Adam Dicko : Pour 2016, nous projetons d’étendre notre association sur toute l’étendue du territoire national. Nous recevons beaucoup d’appels pour nous demander de nous implanter un  peu partout. Nous ne voulons pas être comme des partis politiques, c’est-à-dire avoir beaucoup de membres avec nous sans pouvoir faire bouger quoi que ce soit. Notre voulons vraiment apporter un changement, former et informer les jeunes. Pour cela, il faut des moyens, ce qui fait que nous n’avons pas pu aller partout. Pour le moment, nous ne sommes qu’à Bamako, Koulikoro et Ségou. Nous espérons que d’ici la fin de cette année, nous serons bien implantés sur toute l’étendue du territoire y compris à Kidal puis que ce sont des jeunes maliens qui s’y trouvent et ont besoin de ces notions. Nous voulons prouver au monde entier que nous sommes UN et INDIVISIBLE et que nous avons les mêmes problèmes auxquels nous devons nous attaquer. Nous voulons aussi nous attaquer à la question de la bonne gouvernance. Aujourd’hui, nous sommes confrontés à de nombreux problèmes et la plupart d’entre eux sont dûs à la mauvaise gestion des services publics, donc la mauvaise gouvernance. Ce qui fait que les jeunes doivent s’intéresser davantage à la vie publique. Il ne faut pas laisser ce volet seulement aux mains des politiciens, mais tous les Maliens doivent s’y intéresser. La gestion de la chose publique c’est donc l’affaire de tout le monde. Il faut dire aussi que 2015 a été une année assez chargée, nous espérons que 2016 soit encore meilleure.

Kibaruu.ml : Avez-vous un appel à lancer pour clore cet entretien ?

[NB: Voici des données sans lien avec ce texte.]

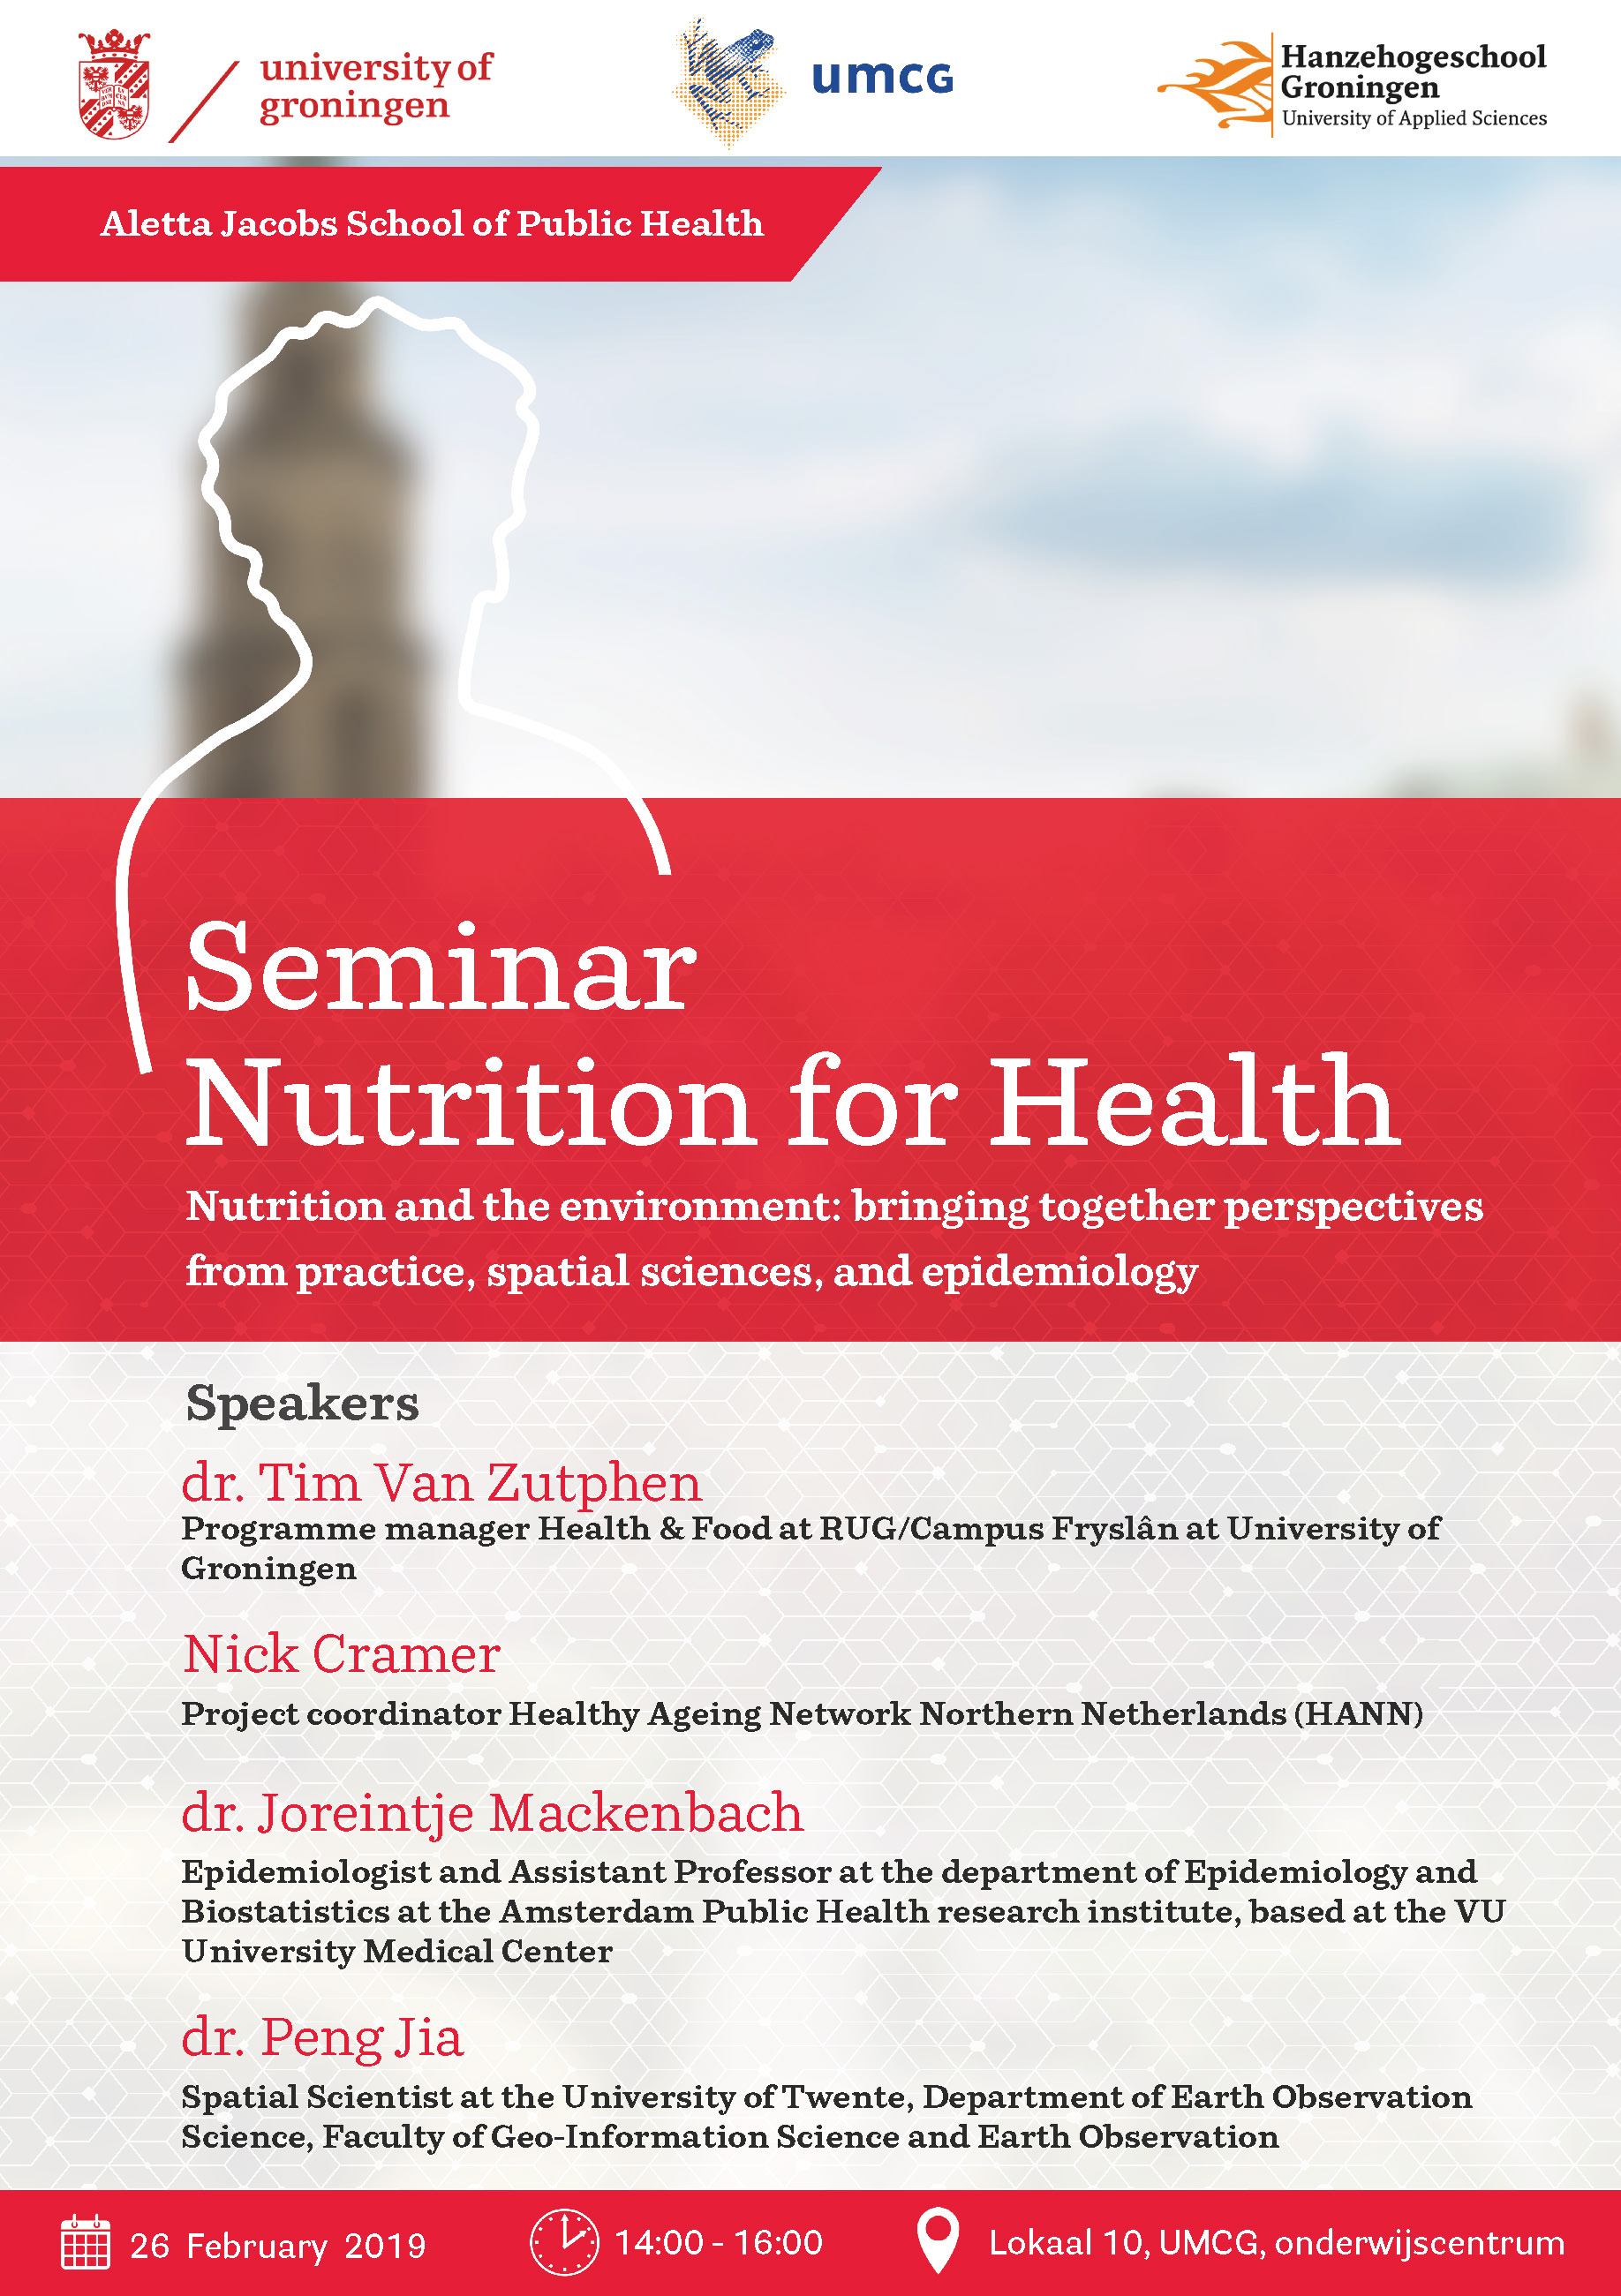 Nutrition for Health seminar

Adam Dicko : J’invite tous les Maliens à venir nous rejoindre dans l’AJCAD. Vous savez au sein de cette association, notre approche c’est de mettre ensemble ceux qui sont allés à l’école et ceux qui n’y ont été. Rares sont les associations qui ont cette approche qui consiste à mettre ensemble les secteurs formels et informels pour tirer le meilleur profit. La formule que nous préconisons c’est de partir dans les quartiers pour mettre en place des clubs. A partir de là, ces problèmes que nous soulevons deviennent l’affaire de tout le monde. Le dénominateur commun que nous cherchons c’est d’unir les jeunes autour de l’essentiel. Tant que vous êtes jeune, nos portes sont grandement ouvertes. Nous avons donc besoin de tout le monde, car la lutte que nous menons ce n’est pas seulement la nôtre, mais celle de tout le Mali et de son avenir.

A l’endroit des autorités, il faut arrêter de tenir des propos du genre "la jeunesse c’est l’avenir". Tel n’est pas le cas, nous sommes surtout le présent. Tant qu’on continue à nous faire croire que nous l’avenir, notre action sera limitée dans le temps. Nous sommes des jeunes, nous sommes le présent du Mali et c’est à nous de faire ce pays.